Eventually I decided to investigate this situation. First, I wrote a simple Java class:

import java.util.*;
public class DateTest {
public static void main(String[] args) {
System.out.println(“Date = ” + new Date());
System.out.println(“Calendar = ” + Calendar.getInstance());
}
}

On Windows 98 with Java 2 Platform, Standard Edition (J2SE) 1.3.1_01, I got:

Date = Tue May 06 08:13:17 IDT 2003
Calendar = java.util.GregorianCalendar[time=1052197997184,areFieldsSet=true,areAllFieldsSet
=true,lenient=false,zone=java.util.SimpleTimeZone[id=Asia/Jerusalem,offset=7200000,
dstSavings=3600000,useDaylight=true,startYear=0,startMode=1,startMonth=3,startDay=9,
startDayOfWeek=0,startTime=3600000,startTimeMode=0,endMode=1,endMonth=8,endDay=24,
endDayOfWeek=0,endTime=3600000,endTimeMode=0],firstDayOfWeek=1,minimalDaysInFirstWeek=1,
ERA=1,YEAR=2003,MONTH=4,WEEK_OF_YEAR=19,WEEK_OF_MONTH=2,DAY_OF_MONTH=6,
DAY_OF_YEAR=126,DAY_OF_WEEK=3,DAY_OF_WEEK_IN_MONTH=1,AM_PM=0,HOUR=8,HOUR_OF_DAY=8,
MINUTE=13,SECOND=17,MILLISECOND=184,ZONE_OFFSET=7200000,DST_OFFSET=3600000]

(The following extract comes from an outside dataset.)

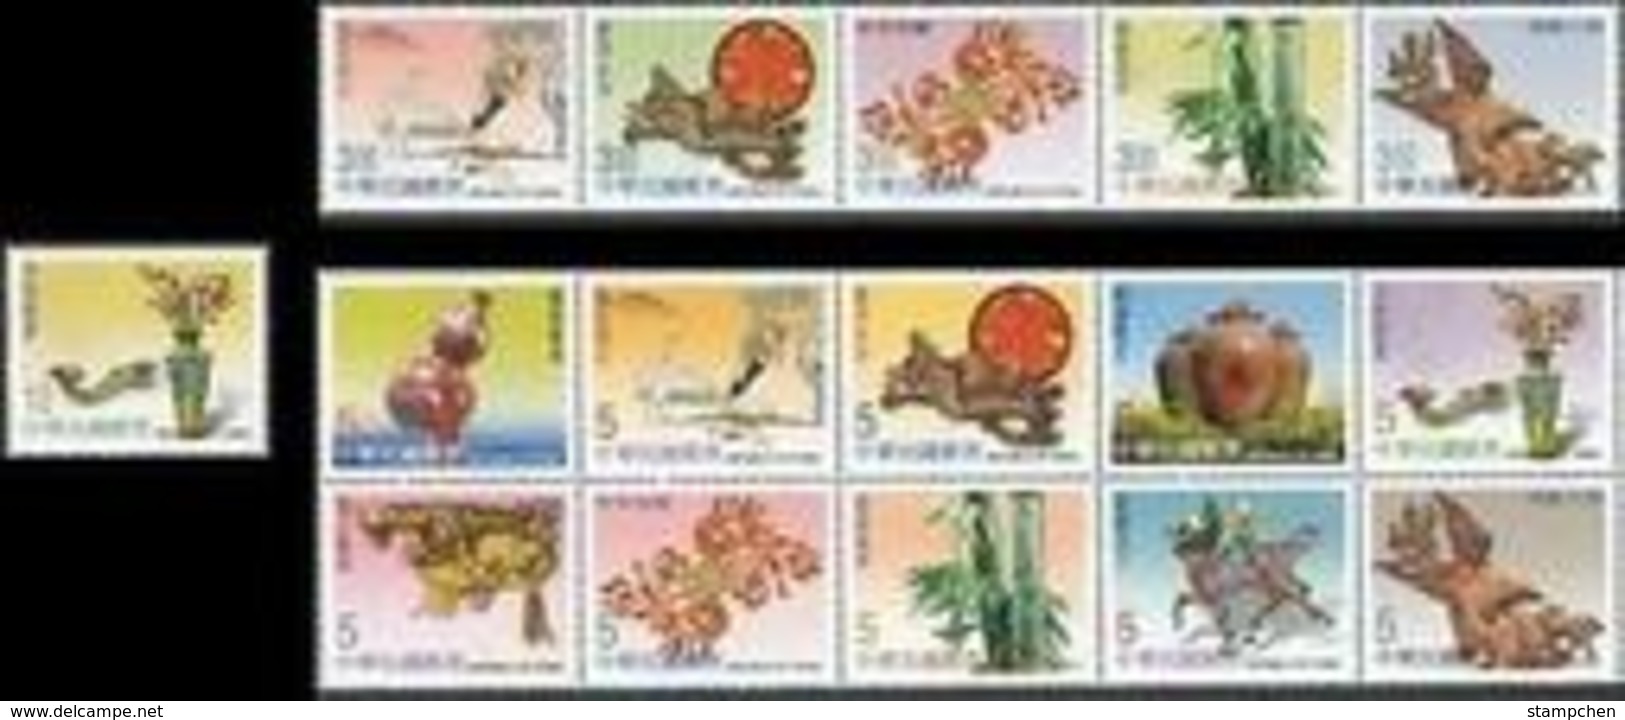 2003 Greeting Stamps Crane Bamboo Fish Scepter Coin Peony Flower Love Liquors Duck Eagle Turtle - Trees
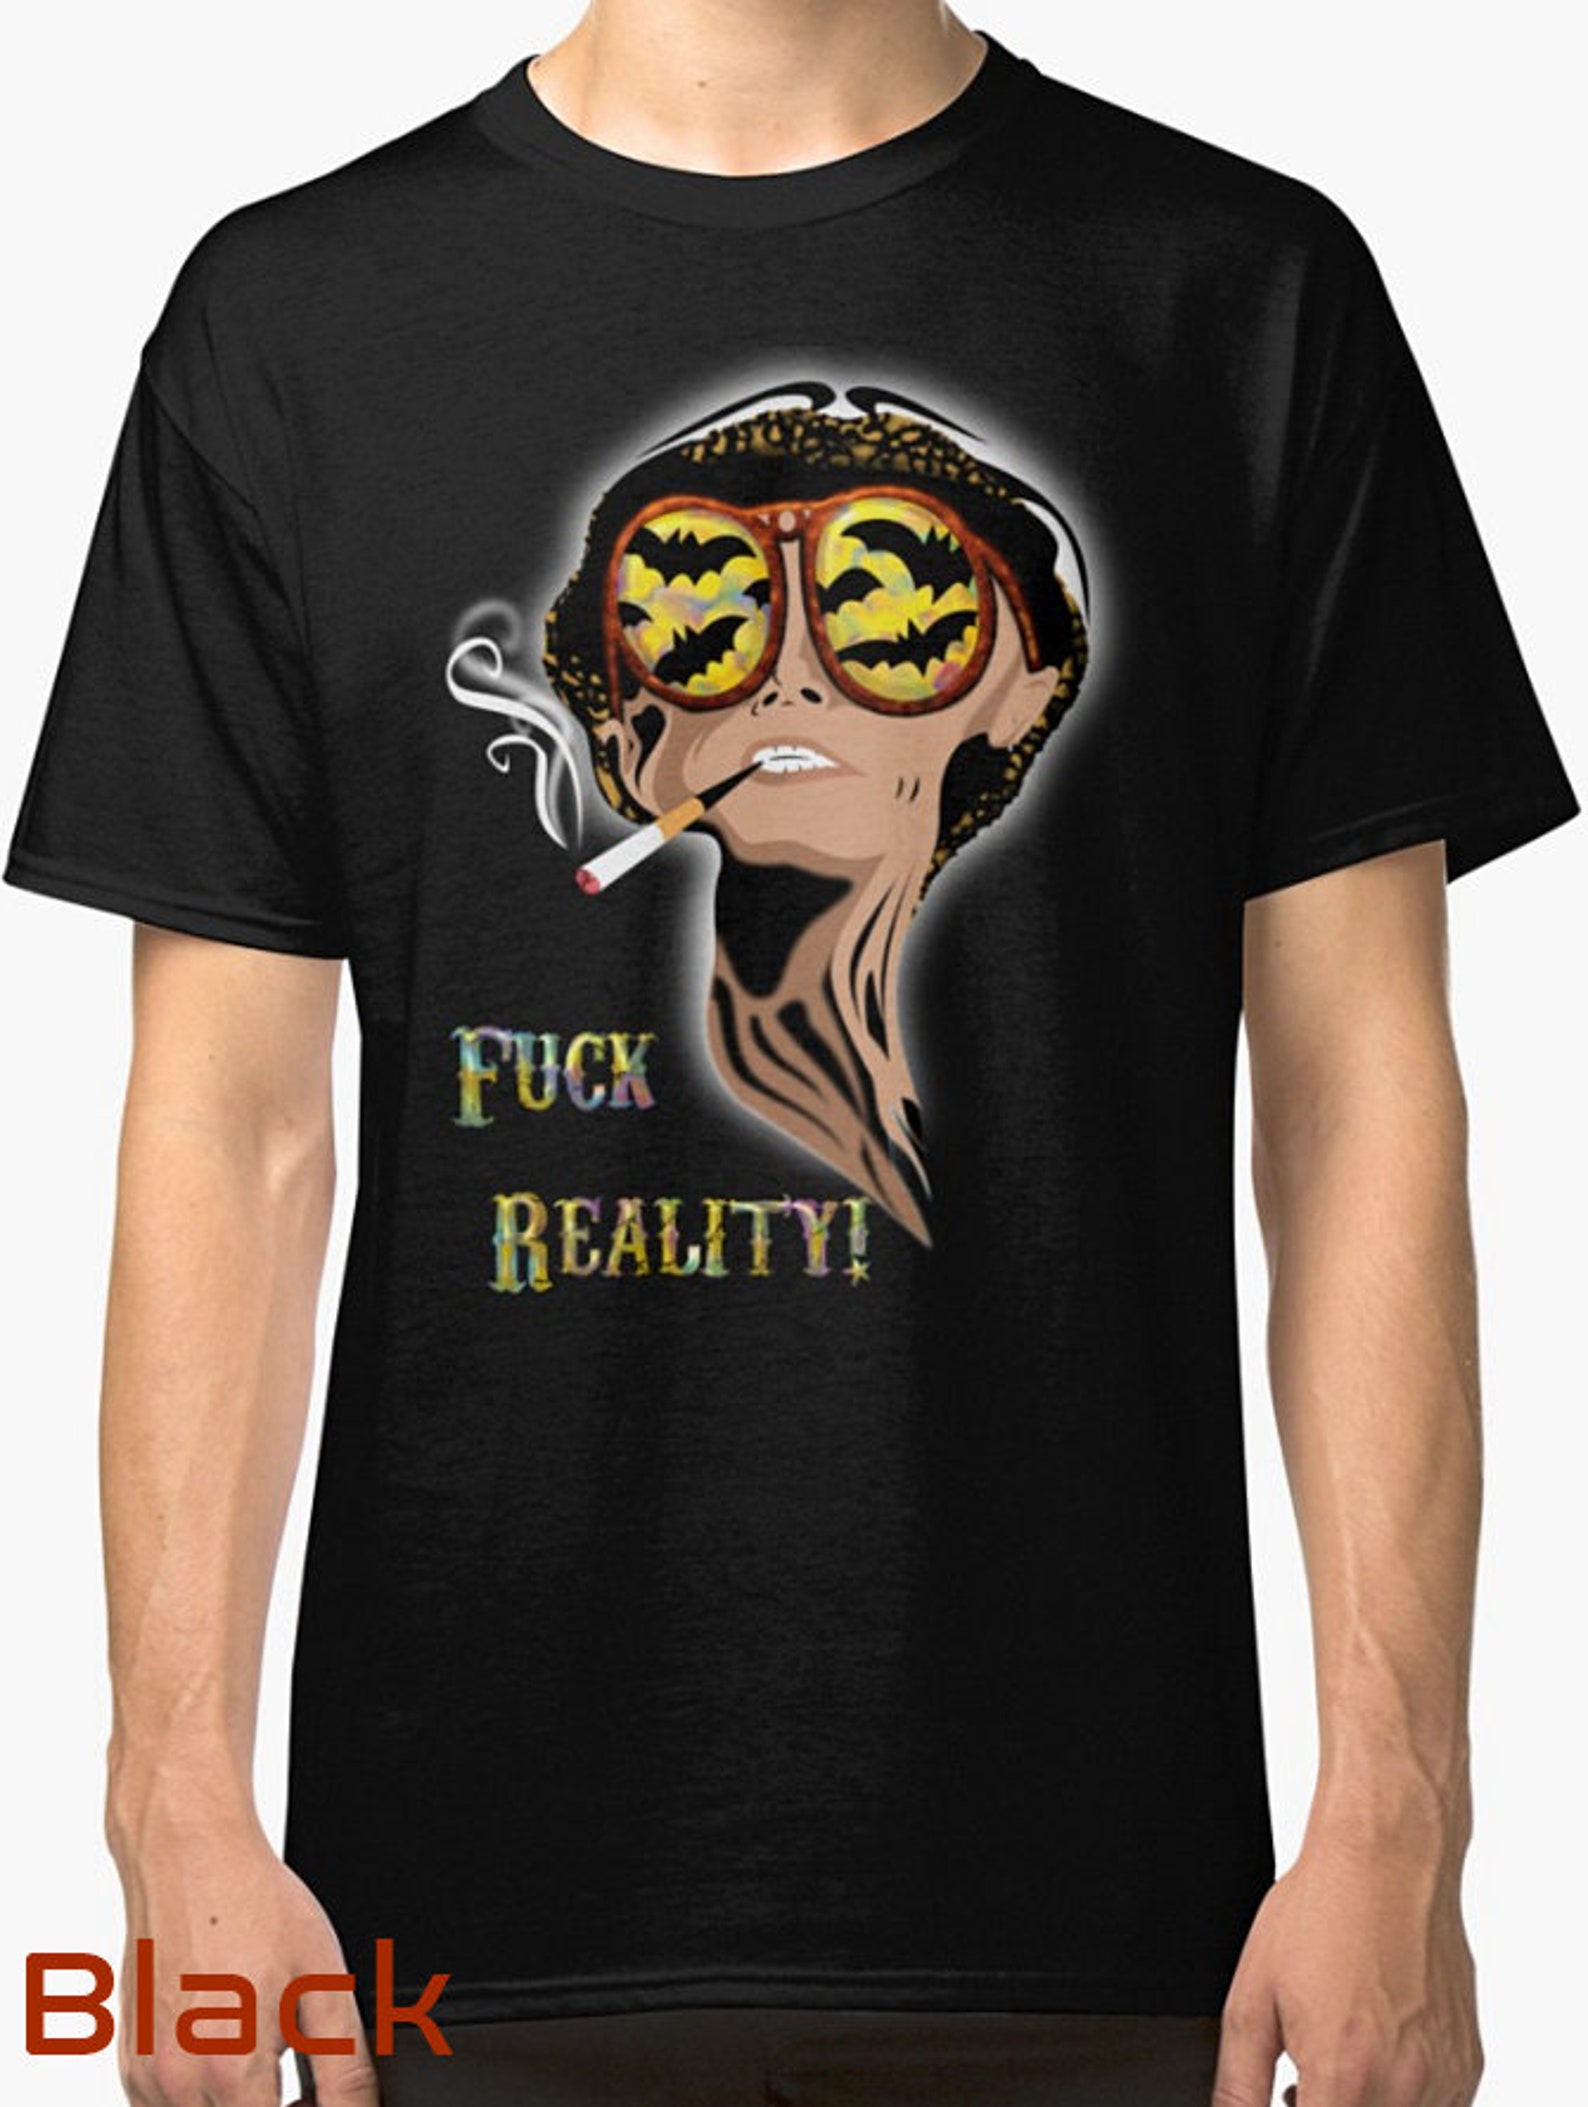 Fear and loathing in Las Vegas trippy Classic T-Shirt UNISEX | Etsy

On Sun Solaris 7 with J2SE 1.3.1_02, I got:

Date = Tue May 06 08:13:17 IDT 2003
Calendar = java.util.GregorianCalendar[time=1052197997184,areFieldsSet=true,areAllFieldsSet
=true,lenient=false,zone=java.util.SimpleTimeZone[id=Asia/Jerusalem,offset=7200000,
dstSavings=3600000,useDaylight=true,startYear=0,startMode=1,startMonth=3,startDay=9,
startDayOfWeek=0,startTime=3600000,startTimeMode=0,endMode=1,endMonth=8,endDay=24,
endDayOfWeek=0,endTime=3600000,endTimeMode=0],firstDayOfWeek=1,minimalDaysInFirstWeek=1,
ERA=1,YEAR=2003,MONTH=4,WEEK_OF_YEAR=19,WEEK_OF_MONTH=2,DAY_OF_MONTH=6,
DAY_OF_YEAR=126,
DAY_OF_WEEK=3,DAY_OF_WEEK_IN_MONTH=1,AM_PM=0,HOUR=8,HOUR_OF_DAY=8,
MINUTE=13,SECOND=17,
MILLISECOND=184,ZONE_OFFSET=7200000,DST_OFFSET=3600000]

And on Linux Mandrake 7.2 with J2SE 1.3.0, I got:

Date = Mon May 05 21:04:32 GMT+00:00 2003
Calendar = java.util.GregorianCalendar[time=1052168673155,areFieldsSet=true,areAllFieldsSet
=true,lenient=true,zone=java.util.SimpleTimeZone[id=Custom,offset=0,dstSavings=3600000,
useDaylight=false,startYear=0,startMode=0,startMonth=0,startDay=0,startDayOfWeek=0,
startTime=0,startTimeMode=0,endMode=0,endMonth=0,endDay=0,endDayOfWeek=0,endTime=0,
endTimeMode=0],firstDayOfWeek=1,minimalDaysInFirstWeek=1,ERA=1,YEAR=2003,MONTH=4,
WEEK_OF_YEAR=19,WEEK_OF_MONTH=2,DAY_OF_MONTH=5,DAY_OF_YEAR=125,
DAY_OF_WEEK=2,
DAY_OF_WEEK_IN_MONTH=1,AM_PM=1,HOUR=9,HOUR_OF_DAY=21,MINUTE=4,
SECOND=33,MILLISECOND=155,
ZONE_OFFSET=0,DST_OFFSET=0]

As you can see, the Calendar class seems to have a class member that is a java.util.SimpleTimeZone instance. I can confirm this in several ways:

Use the javap utility, which is part of J2SE, like so:

javap -private java.util.Calendar

Examine the source code, which is available in the src.jar file included in J2SE

Use Java’s reflection mechanism

In any case, you will discover that the java.util.Calendar class has a private instance member named zone that is a java.util.TimeZone instance, as this part of javap’s output shows:

private java.util.TimeZone zone

When I try the same trick with the java.util.Date class, you can see it has the following instance member:

private transient java.util.Calendar cal;

This means that, indirectly, the Date class also has a TimeZone member.

However, the Javadocs tell us that TimeZone is an abstract class, while SimpleTimeZone is a concrete subclass. Therefore, despite the member definition, the zone member in Calendar is actually a SimpleTimeZone instance (in J2SE 1.3).

This can be easily confirmed by investigating the TimeZone class using the methods described above. Indeed, the zone member in Calendar is a SimpleTimeZone instance.

Examining the DateTest class’s output,

it looks like TimeZone has attributes that relate to Daylight Saving Time (DST), namely the following attributes:

  • dstSavings
  • useDaylight
  • startYear
  • startMode
  • startMonth
  • startDay
  • startDayOfWeek
  • startTime
  • startTimeMode
  • endMode
  • endMonth
  • endDay
  • endDayOfWeek
  • endTime
  • endTimeMode

    So as you can see, the Date and Calendar classes have a notion regarding Daylight Saving Time.

    When I started investigating this, it was summer (last year), and in order to adjust for DST on all our servers, we physically moved the system clocks forward one hour.

    Therefore, I figured that Java wouldn’t make adjustments for DST.